The story ranges over several decades of Chinese history, starting in the Cultural Revolution and finishing in the near future (at least as of when the novel was originally written).  It then broadens to encompass a world wide conspiracy, and finally an interstellar one.

The book explores a ton of fascinating ideas, from how science works, to an alien society that exists in a brutal and treacherous environment.  At the core of the story is that alien society, and the central scientific problem of its environment that it tries to solve throughout its history.  After many millions of years and devastating civilizational collapses, it finally comes to the conclusion that, due to chaos theory, the problem is unsolvable and so, for its own survival, it has no choice but to seek another home.

Some time afterward, a scientist on Earth discovers a way to magnify a signal from Earth by bouncing it off the Sun, using the power of the Sun to broadcast the message, making it far more visible across interstellar distances.  The friendship message is responded to by someone from the civilization above, but by someone who claims to be a pacifist urging that Earth not reply, because to do so would be to invite certain invasion.  For reasons that are clear in the story, the scientist does reply, and invites the invasion.

While this is hard science fiction, and many of the characters aren’t the most drawn out, particularly the side characters, the core characters nonetheless all act for understandable reasons.  None of them seem like plot placeholders.  We see the background of the person who turns out to be the central villain, and its not hard to see why they have the motivations that they do.  And, of course, we see enough of the history of the alien race to understand their motivations, even if those  motivations make them humanity’s enemy.
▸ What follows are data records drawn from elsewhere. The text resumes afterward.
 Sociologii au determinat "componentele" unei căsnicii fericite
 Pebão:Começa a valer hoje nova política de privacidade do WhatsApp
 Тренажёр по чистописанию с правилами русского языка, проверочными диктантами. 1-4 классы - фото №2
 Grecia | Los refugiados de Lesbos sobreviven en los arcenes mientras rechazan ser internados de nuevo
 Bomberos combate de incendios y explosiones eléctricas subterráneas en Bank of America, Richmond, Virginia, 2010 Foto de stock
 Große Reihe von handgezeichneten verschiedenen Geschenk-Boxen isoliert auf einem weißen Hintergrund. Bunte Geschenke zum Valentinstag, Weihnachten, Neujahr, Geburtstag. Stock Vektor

The fact that this is a work translated from Chinese makes for some awkward reading, particularly in the early chapters.  As an American reading this book, the first alien society that I had to navigate was the Chinese one.  As someone with only a cursory knowledge of the Cultural Revolution, I learned some things.  (Supplemented by numerous Wikipedia breaks.)  But the sheer storytelling ability of the author soon transcends any cross cultural barriers.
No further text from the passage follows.